Looking forward to your inputs and suggestions where to start with optimizing and how to setup gst pipeline profiling.

Many thanks for your help,
Dieter

dieter.kiermaier · January 14, 2021, 5:12pm

I was talking to a NVidia Engineer, and he suggested to use the accelerated plugin.
With below pipeline the latency seem to be lower but it do not support the needed NV12 format for some reason:

gst-launch-1.0 nvv4l2camerasrc num-buffers=300 device=/dev/video0 ! ‘video/x-raw(memory:NVMM), format=(string)UYVY, width=(int)3840, height=(int)2160, interlace-mode=progressive, framerate=(fraction)30/1’ ! nvvidconv ! ‘video/x-raw(memory:NVMM), format=(string)NV12’ ! nv3dsink -e

Once I change the format string to:
format=(string)NV12 the pipeline is broken and I do get below error:

dieter@dieter-desktop:~$ gst-launch-1.0 nvv4l2camerasrc num-buffers=300 device=/dev/video0 ! 'video/x-raw(memory:NVMM), format=(string)NV12, width=(int)3840, height=(int)2160, interlace-mode=progressive, framerate=(fraction)30/1' ! nvvidconv ! 'video/x-raw(memory:NVMM), format=(string)NV12' ! nv3dsink -e
WARNING: erroneous pipeline: could not link nvv4l2camerasrc0 to nvvconv0, nvv4l2camerasrc0 can't handle caps video/x-raw(memory:NVMM), format=(string)NV12, width=(int)3840, height=(int)2160, interlace-mode=(string)progressive, framerate=(fraction)30/1
dieter@dieter-desktop:~$

DaneLLL · January 14, 2021, 11:31pm

Hi,
It supports UYVY in nvv4l2camerasrc. If your source does not support the format, you need to use v4l2src. In encoding pipeline, we suggest set I frame interval to smaller value such as 15 or 10. Since decoding begins from I frames, the received bitstream in front of the first I frames cannot be decoded and is dropped. In decoding pipeline, you may try nvv4l2decoder with disable-dpb=1 and enable-max-performance=1.

dieter.kiermaier · January 15, 2021, 8:06am

Hi DaneLL,
are you aware of the exact difference between nvv4l2camerasrc and v4l2src with regards to latency, system load and performance?
That would be good to understand before moving into the next stage.
Many thanks,
Dieter

DaneLLL · January 15, 2021, 9:50am

Hi,
The v4l2src plugin is native gstreamer plugin and it captures frames into CPU buffer. For using hardware engines on Jetson platforms, there is a memory copy through nvvidconv plugin:

v4l2src ! video/x-raw ! nvvidconv ! video/x-raw(memory:NVMM) ! ...

The nvv4l2camerasrc is implemented to eliminate the memory copy and it can run:

nvv4l2camerasrc ! video/x-raw(memory:NVMM) ! ...
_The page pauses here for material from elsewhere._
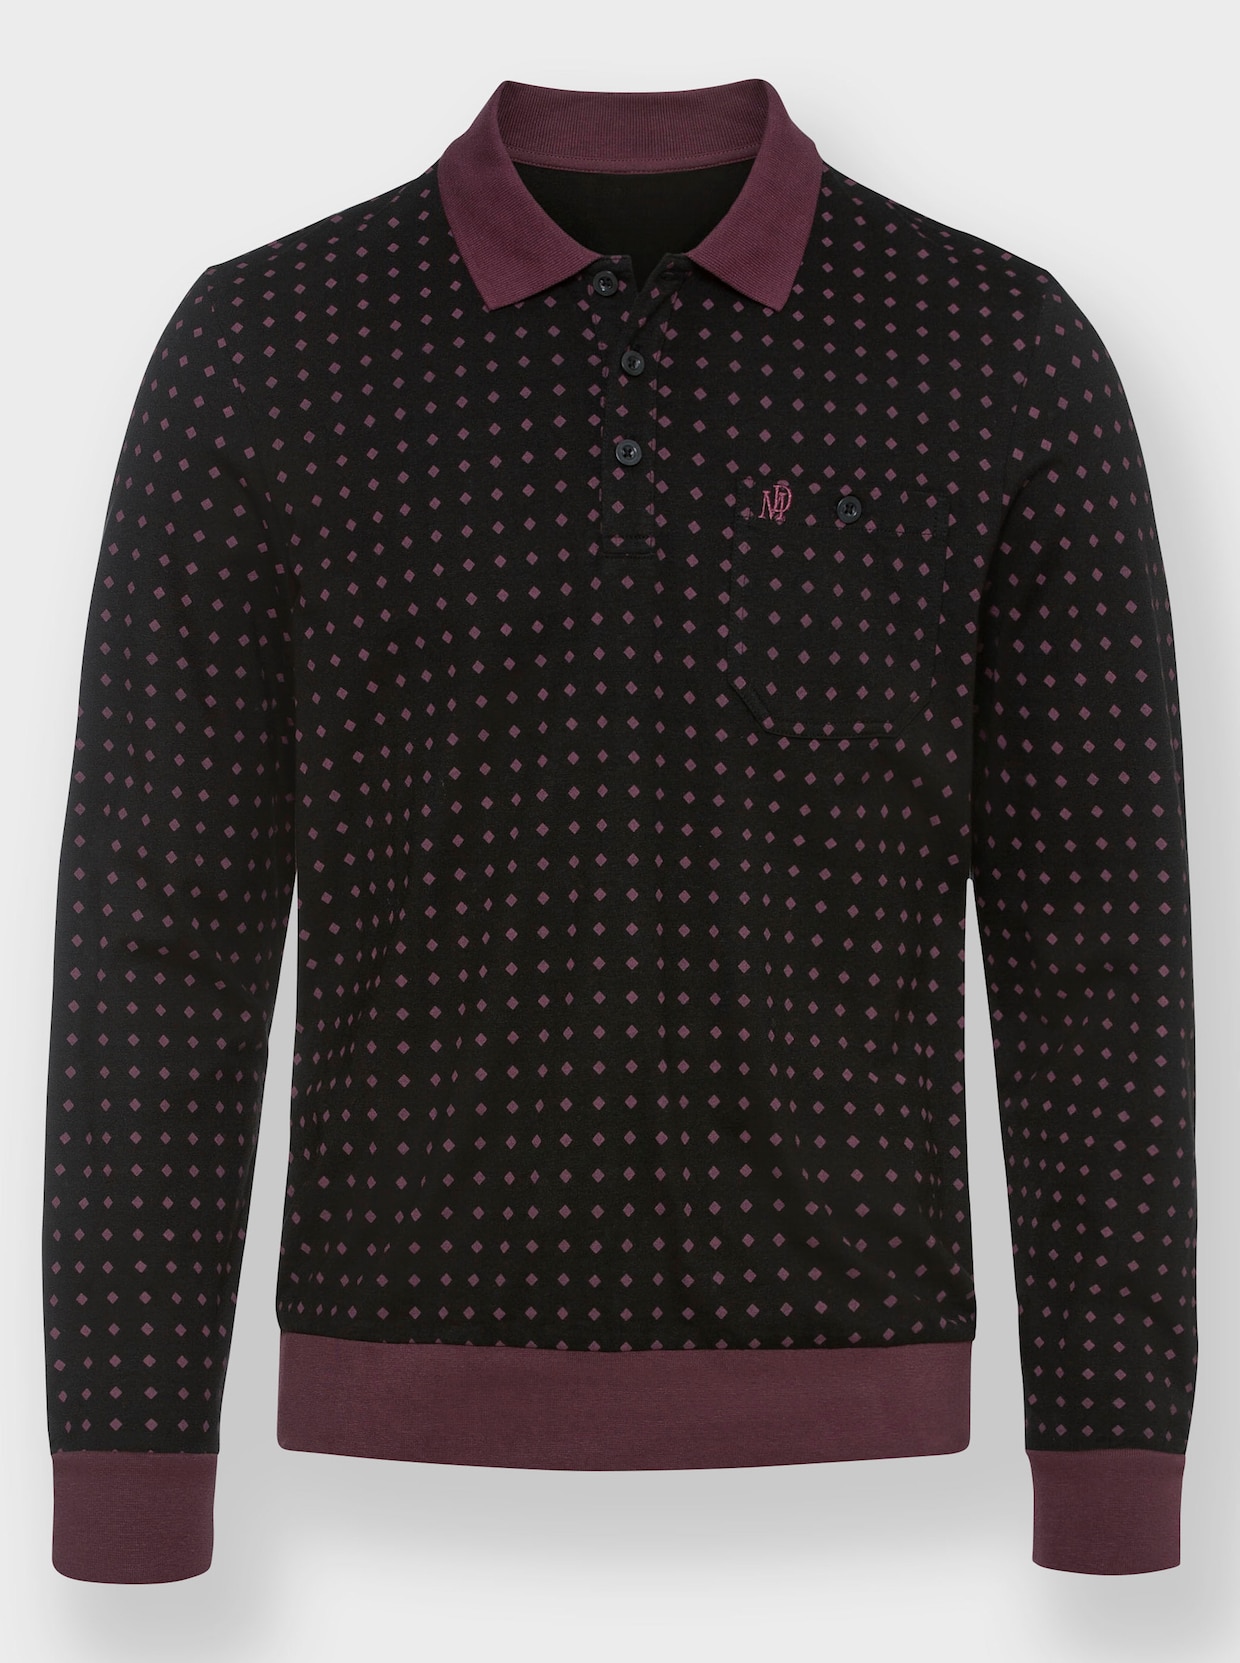 Marco Donati Langarm-Poloshirt - schwarz-burgund-gemustert

By default it supports UYVY, and it is open source. Do for other YUV422 fomats suchas YUVV(YUY2), you can download the source code and do customization. But your source format is NV12(YUV420). Not sure if it works since generally there is pitch alignment for YUV420.

You can download the source of nvv4l2camerasrc from:
https://developer.nvidia.com/embedded/L4T/r32_Release_v4.4/r32_Release_v4.4-GMC3/Sources/T210/public_sources.tbz2

dieter.kiermaier · January 15, 2021, 1:17pm

Hi DaneLL,

thanks - that helps to understand and I will work on that.
Next thing I need to understand is the general limitations of the encoder and decoder.
When displaying the picture locally from the camera to the TFT, even with little latency, but this works good enough for now.
If I try to encode the stream and send it over udp to another jetson I got only a few frames / sec but by far not 30fps with 4k. Are there any pipelines I can use to test the encoder → streaming → decoder and evaluate the Nano performance? Ideally based on videotestsrc to eliminate hardware influences.

gst-launch-1.0 videotestsrc ! video/x-raw,width=640,height=480 ! nvvidconv ! ‘video/x-raw(memory:NVMM),width=3840,height=2160,format=NV12,framerate=30/1’ ! nvv4l2h264enc bitrate=800000 insert-sps-pps=1 maxperf-enable=1

gst-launch-1.0 udpsrc port=5000 ! application/x-rtp,encoding-name=H264,payload=96 ! rtph264depay ! h264parse ! queue ! omxh264dec ! autovideosink

My main issue at the moment is:
With the pipeline which runs smoth displaying the camera signal locally I am only able to achieve very low fps and heavy delay via udp (1GBit/s ethernet link). And this is almost the same performance I do see with videotestsrc. Something must happen in the background here.
So anything which helps me to identify the bottleneck is highly welcome!

Many thanks,
Dieter

DaneLLL · January 17, 2021, 11:12pm

Hi,
There is property of enabling maximum performance in nvv4l2h264enc and nvv4l2decoder plugins. Please enable it and try again. And it is uncertain what plugin is picked by autovideosink. You may try nvoverlaysink sync=0.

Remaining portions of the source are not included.